SOLUTION: When an operation of a shift switch 22 is prohibited due to shortage of a brake operation, a state where the operation of the shift switch 22 is prohibited due to shortage of the brake operation is notified by notifying of the insufficient brake operation before contact to the shift switch 22 of an operation hand F. Therefore, a driver can know the insufficient brake operation before contact to the shift switch 22 of the operation hand F. Consequently, the driver can perform a shift operation without confusion.

SELECTED DRAWING: Figure 3

COPYRIGHT: (C)2024,JPO&INPIT

Description

The present invention relates to a shift device.

2. Description of the Related Art A shift-by-wire type shift device is known in which a shift range position can be changed by a touch of a driver's operating hand (see, for example, Patent Document 1).

Patent Document 1 discloses a button-type electronic gear shift device in which a driver can change a gear shift stage by operating any one of a plurality of buttons and selecting a desired gear shift stage.

By the way, in such a shift device, it is preferable to make the driving operation safe.

US Patent Application Publication No. 2016/0363214

The present invention takes the above-mentioned facts into account and aims to provide a shift device that allows safe driving operations.

A shift device according to a first aspect of the present invention includes a shift switch that gives an operation instruction by contact with an operating hand, and when operation of the shift switch is prohibited due to a lack of a predetermined vehicle condition, the shift device includes a shift switch that gives an operation instruction by contact with an operator; and a notification section that provides notification before an operator's hand touches the shift switch.

A shift device according to a second aspect of the present invention is the shift device according to the first aspect of the present invention, further comprising an approach detection section that detects the approach of an operating hand to the shift switch, and the notification section is configured to detect the proximity detection section of the approach detection section. Notify based on detected information.

In a shift device according to a third aspect of the present invention, in the shift device according to the first or second aspect of the present invention, the predetermined vehicle state is a brake operation state.

In the shift device according to a fourth aspect of the present invention, in the shift device according to any one of the first to third aspects of the present invention, the predetermined vehicle state is a state related to vehicle speed.

In a shift device according to a fifth aspect of the present invention, in the shift device according to any one of the first to fourth aspects of the present invention, the notification section is an icon indicating the predetermined vehicle state.

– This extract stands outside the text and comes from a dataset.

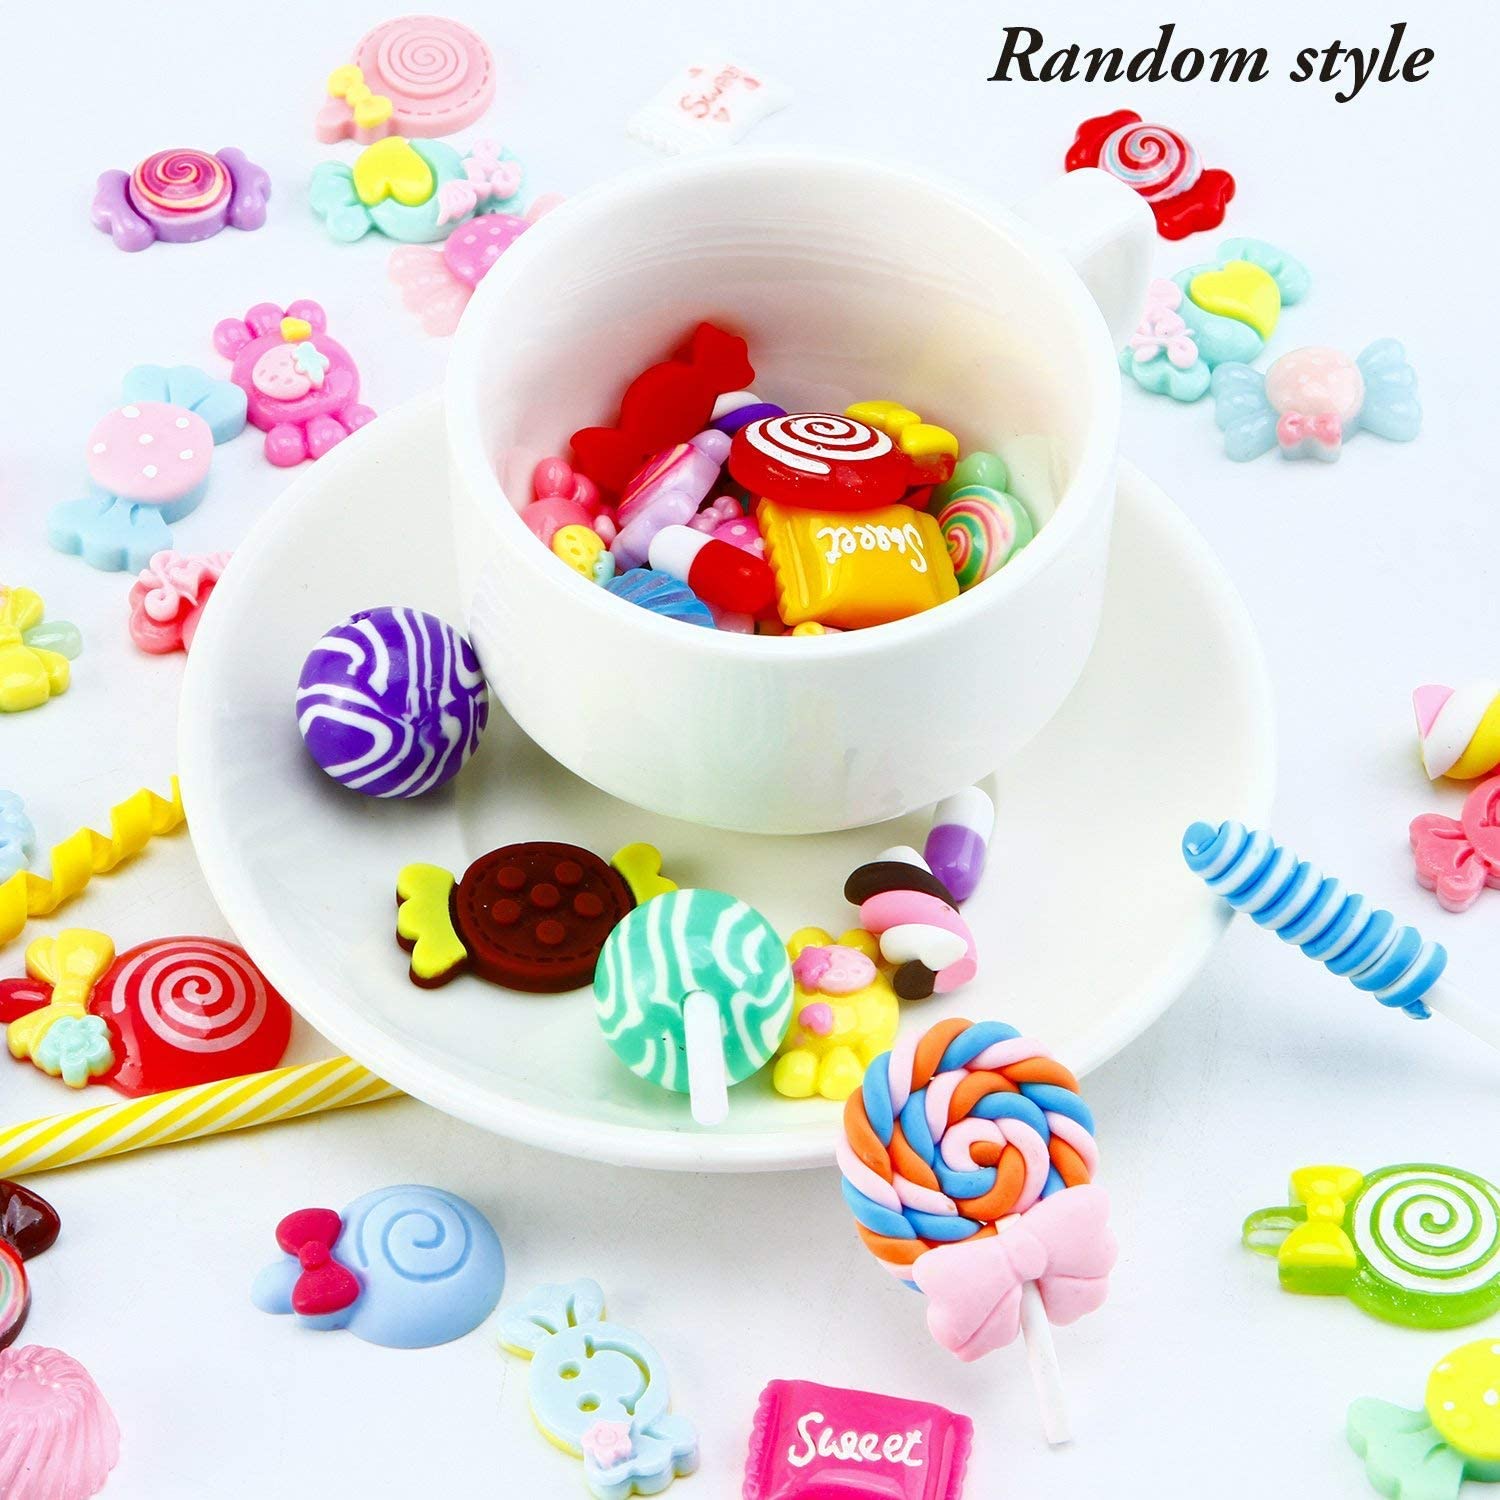 LNGOOR Resin Flatback Charms, 60pcs Slime Charms and Containers Mixed Candy Cake Sweets Resin Cabochons for DIY Crafts, Scrapbooking, Jewelry Making Mixed Resin Flatback Slime Beads Making Supplies - image 5 of 8

In a shift device according to a sixth aspect of the present invention, in the shift device according to a fifth aspect of the present invention, the icon is arranged alongside the shift switch.

In the shift device according to a seventh aspect of the present invention, in the shift device according to any one of the first to sixth aspects of the present invention, when operation of the shift switch is prohibited due to lack of a predetermined vehicle condition, the shift device is prohibited. The shift switch is provided with a second notification section that notifies the user of the shift switch being turned on before the operator's hand touches the shift switch.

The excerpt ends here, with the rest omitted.